Gothard had political leverage, and close ties with politicians like Sarah Palin and Mike Huckabee. Gothard was also good friends with the Duggars, and appeared on their reality show.

He played a large role in founding and defining the so-called “purity culture,” which gave the world incestuous daddy-daughter dances, where the daughters pledge their virginity to their fathers and future husbands. It also promotes the treatment of women and girls as if they were property.

Given this, it was no surprise when Gothard was accused of having molested 30 young women and teens.

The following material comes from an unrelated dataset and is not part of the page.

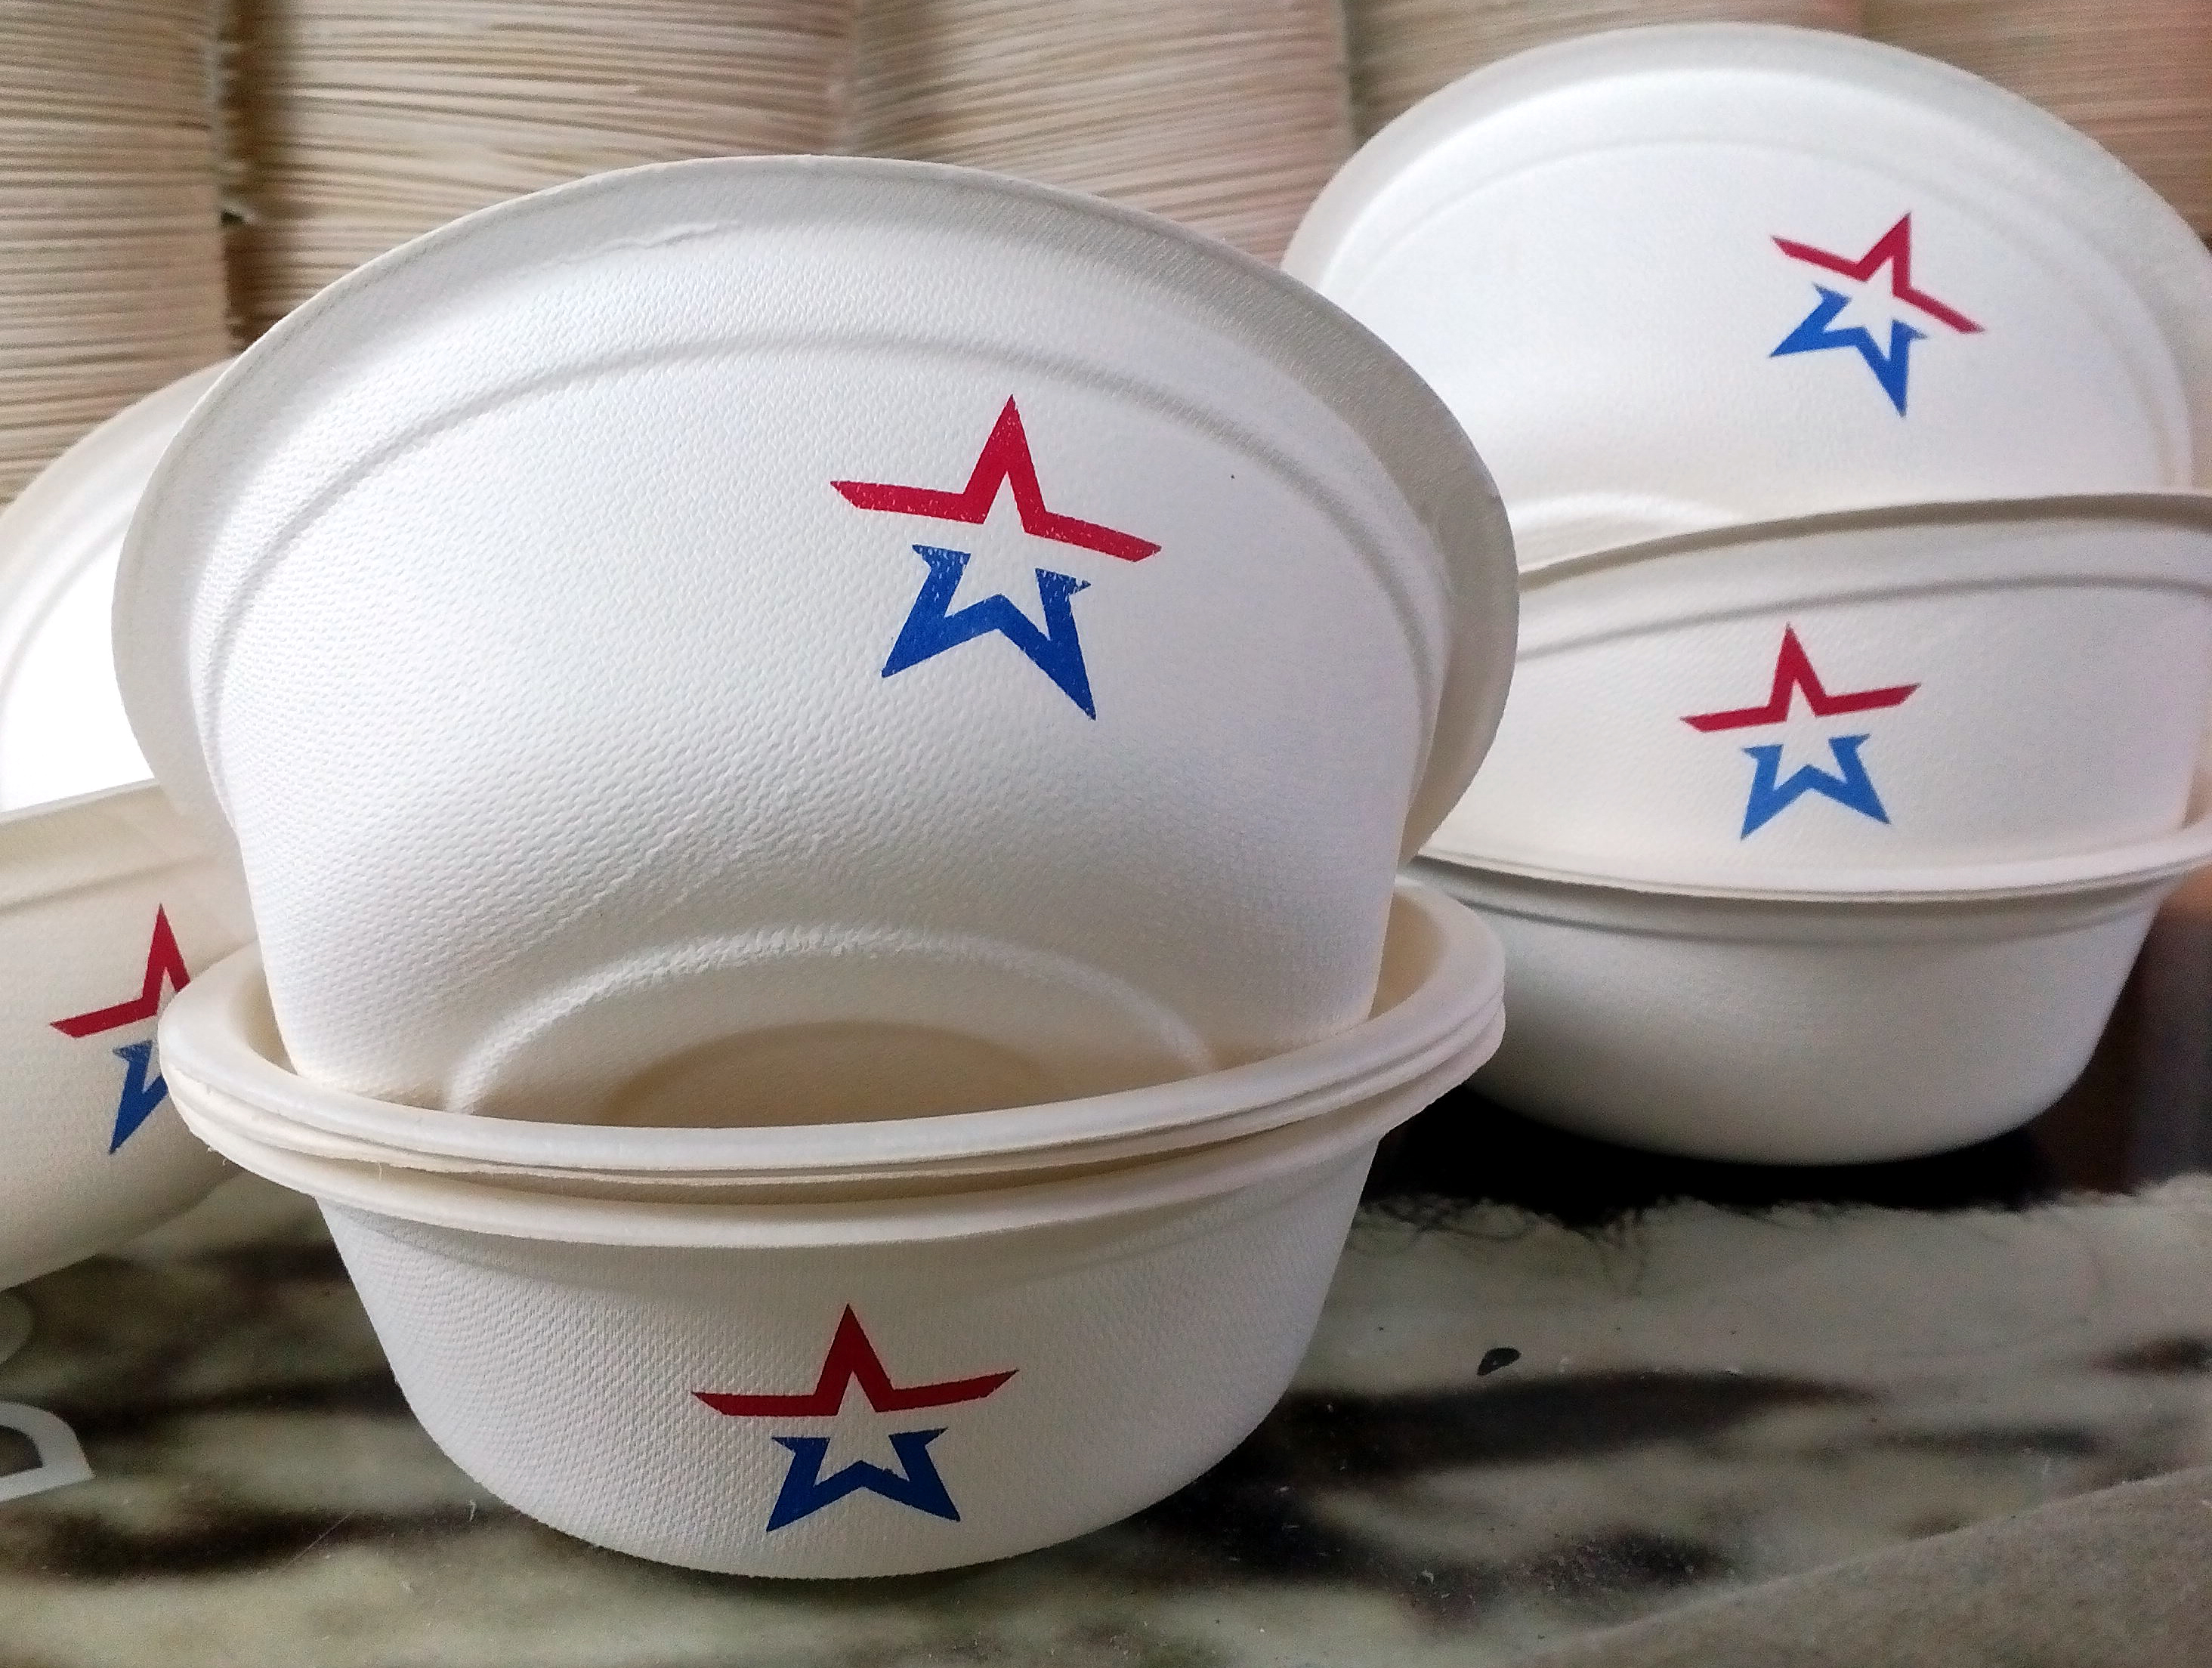 Армейская посуда. Армейская посуда в столовой. Армейская тарелка. Армейская пластиковая посуда. Посуда логотип.
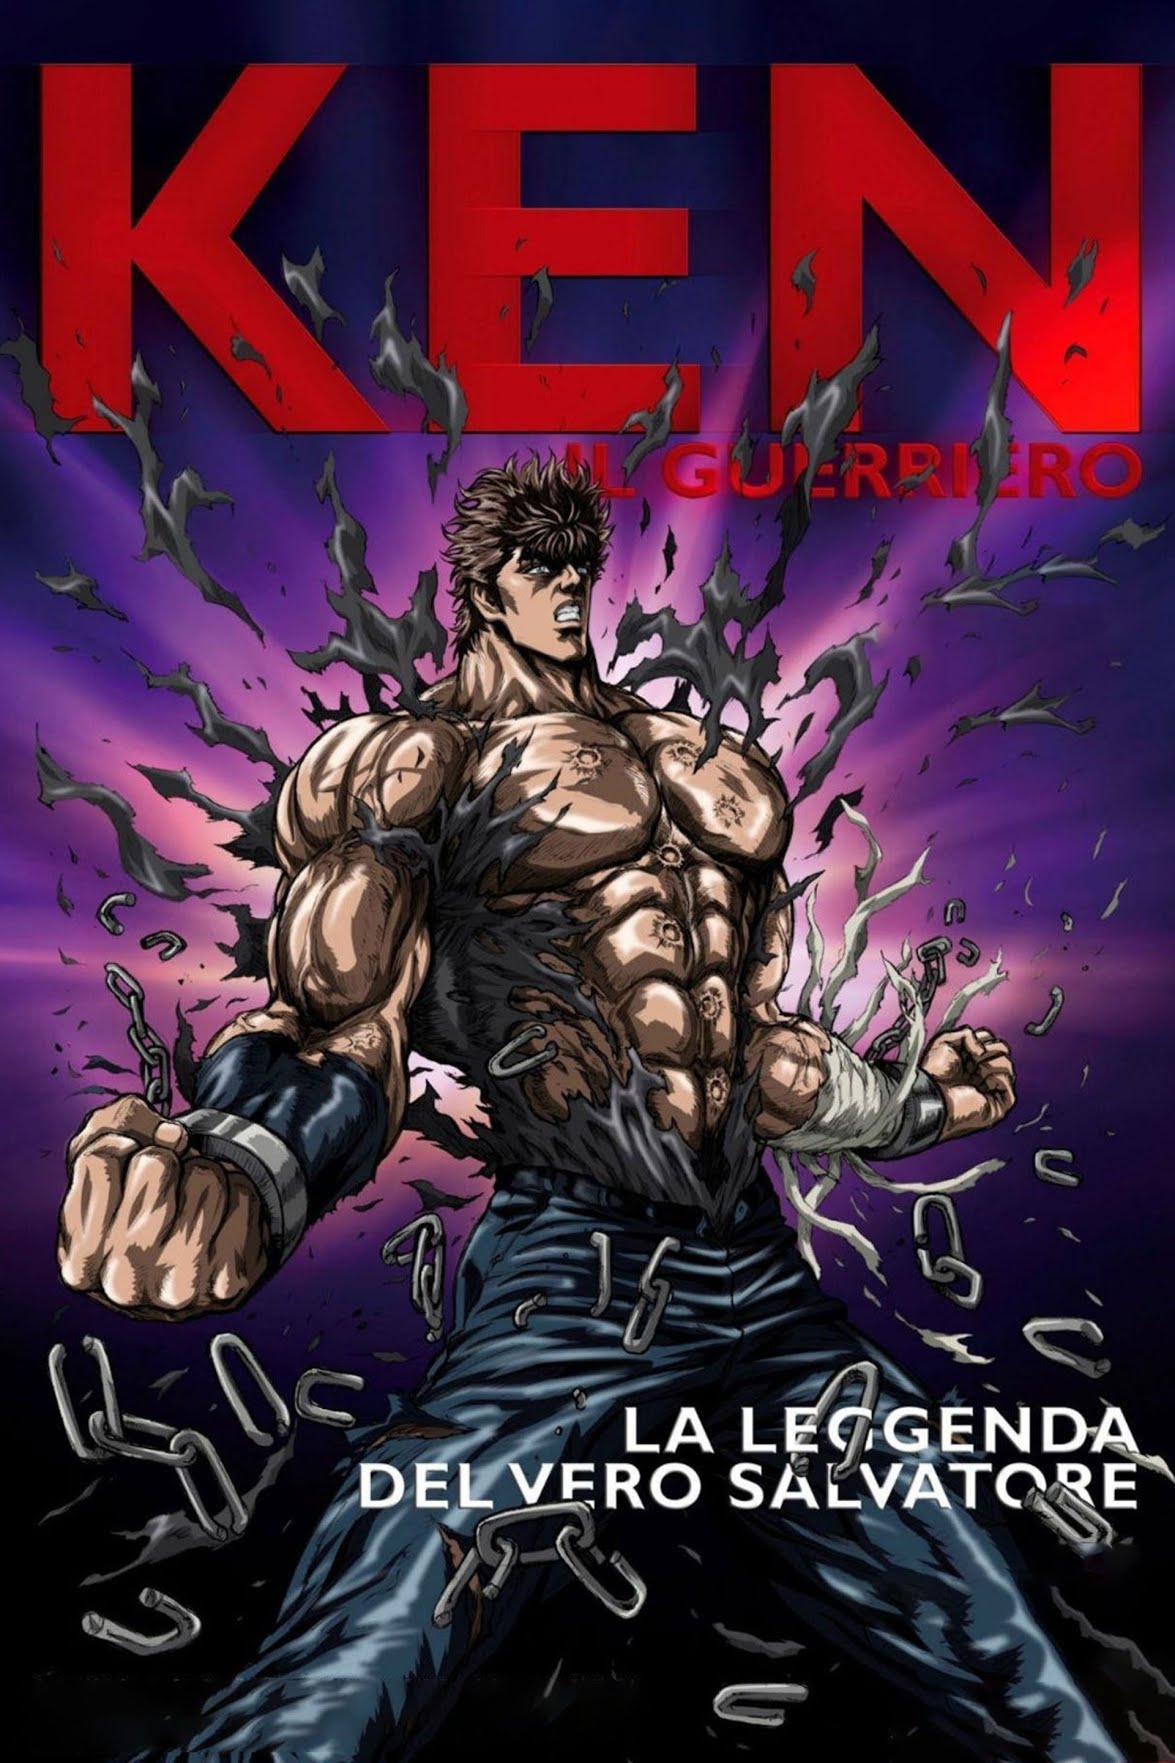 Ken il Guerriero – La leggenda del vero salvatore [HD] (2011)

In 2014, after having been buried in accusations, Gothard was eventually forced to step down from his ministry. He did not, however, face charges for the accusations. There were also reports that Gothard himself wasn’t alerting authorities to cases of child abuse.

“Faith-based” healing

According to the Basic Life website, the programs offered at the life center varies depending on which center one attends. The cost of an eleven-week program provided by the life center is $2900, but they treat children “appallingly,” according to some sources.

The stated “common goal” for the program is to “strengthen individuals and families through sound Biblical teaching and character development opportunities and to demonstrate Christ’s love through serving.”

The shortest verse in the Bible is “Christ wept,” and it’s the only Biblical teaching that applies here.